**Provided records**

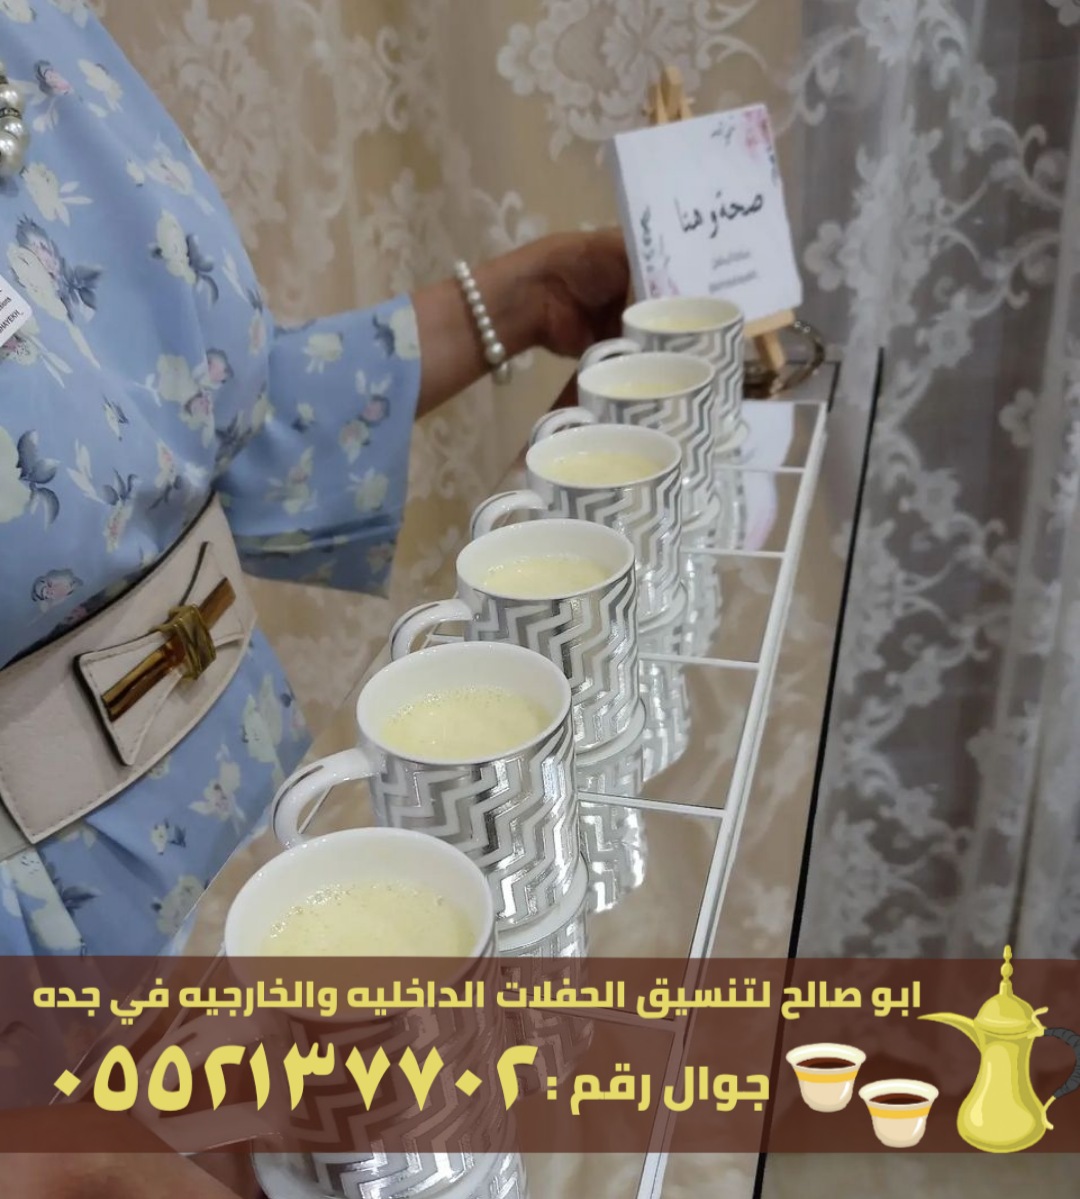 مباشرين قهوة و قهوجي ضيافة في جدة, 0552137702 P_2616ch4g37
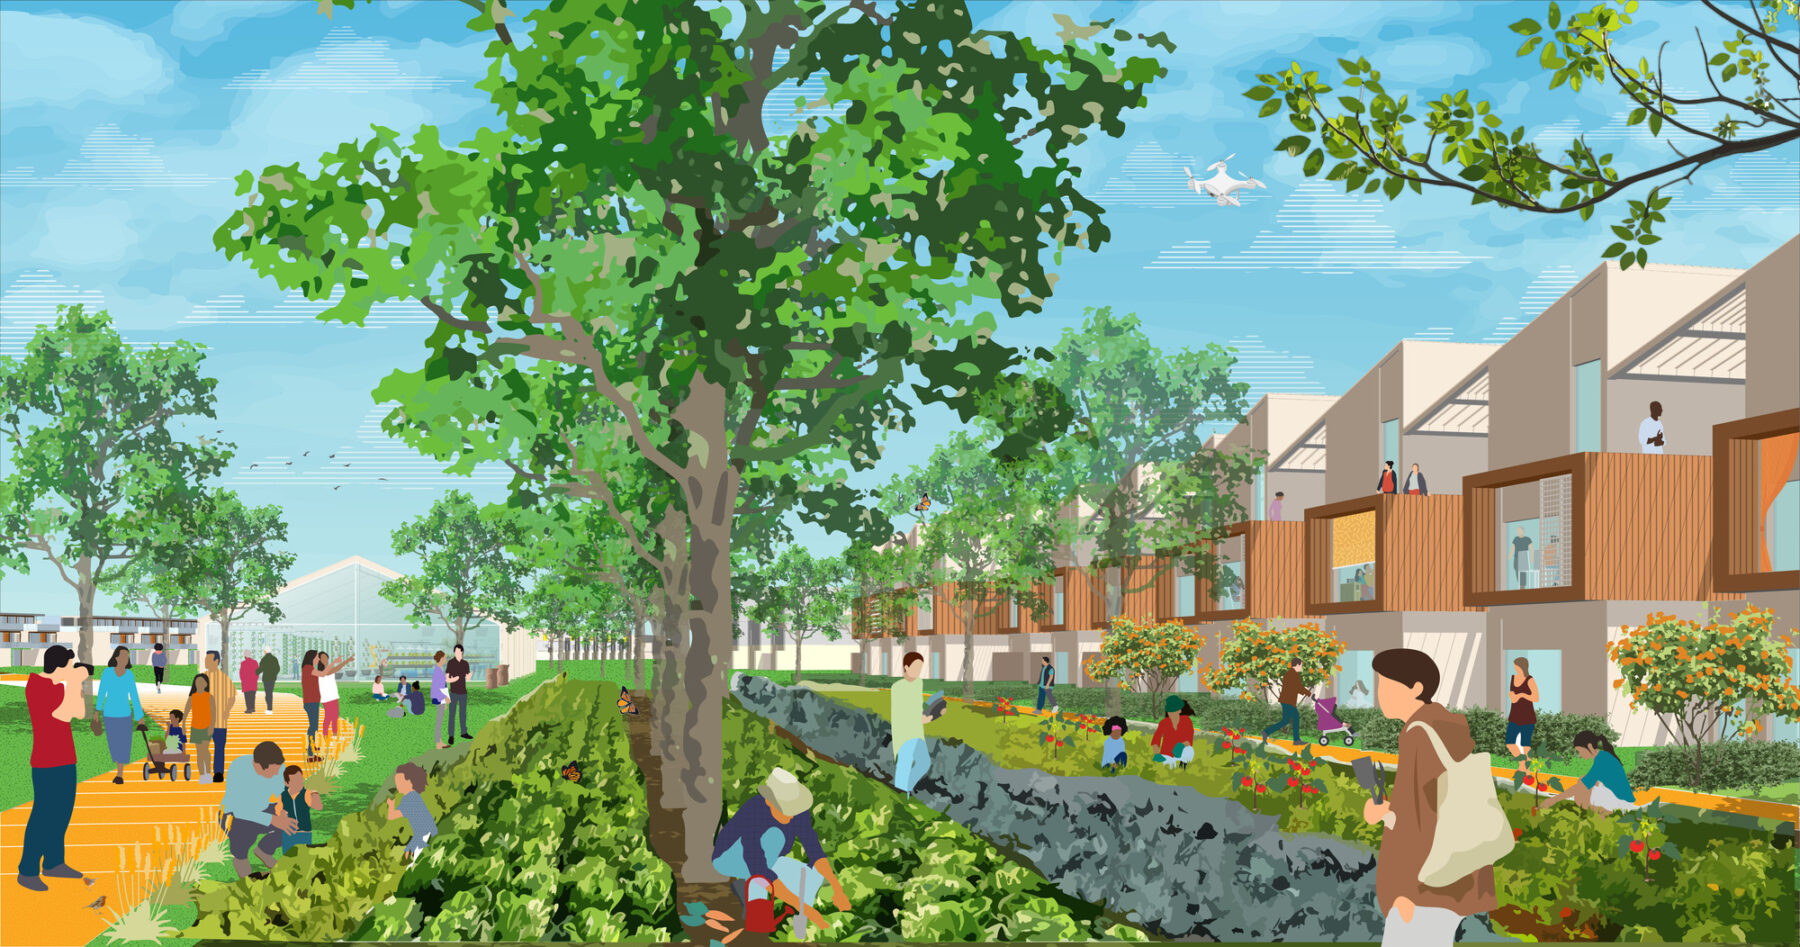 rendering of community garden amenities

--

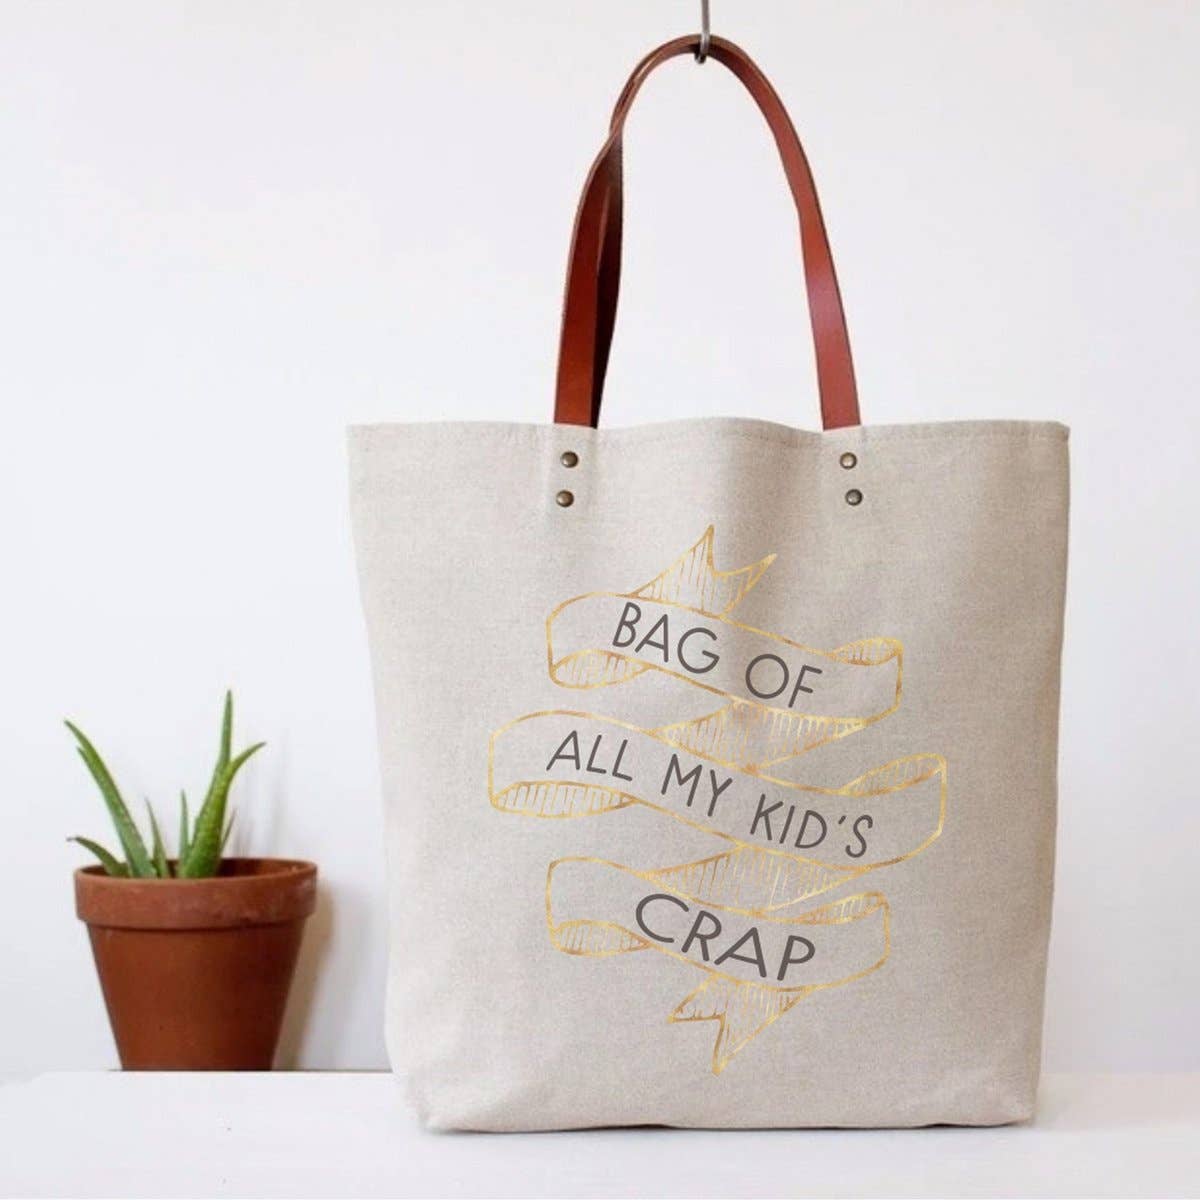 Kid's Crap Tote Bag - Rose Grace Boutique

...

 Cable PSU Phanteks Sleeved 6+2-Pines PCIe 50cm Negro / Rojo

**Problem description**
Print exactly, with no pictures, the lines above from the one that holds "مباشرين قهوة و" through the one that holds "rendering of community garden amenities", both of them included.

**Result**
 مباشرين قهوة و قهوجي ضيافة في جدة, 0552137702 P_2616ch4g37
 rendering of community garden amenities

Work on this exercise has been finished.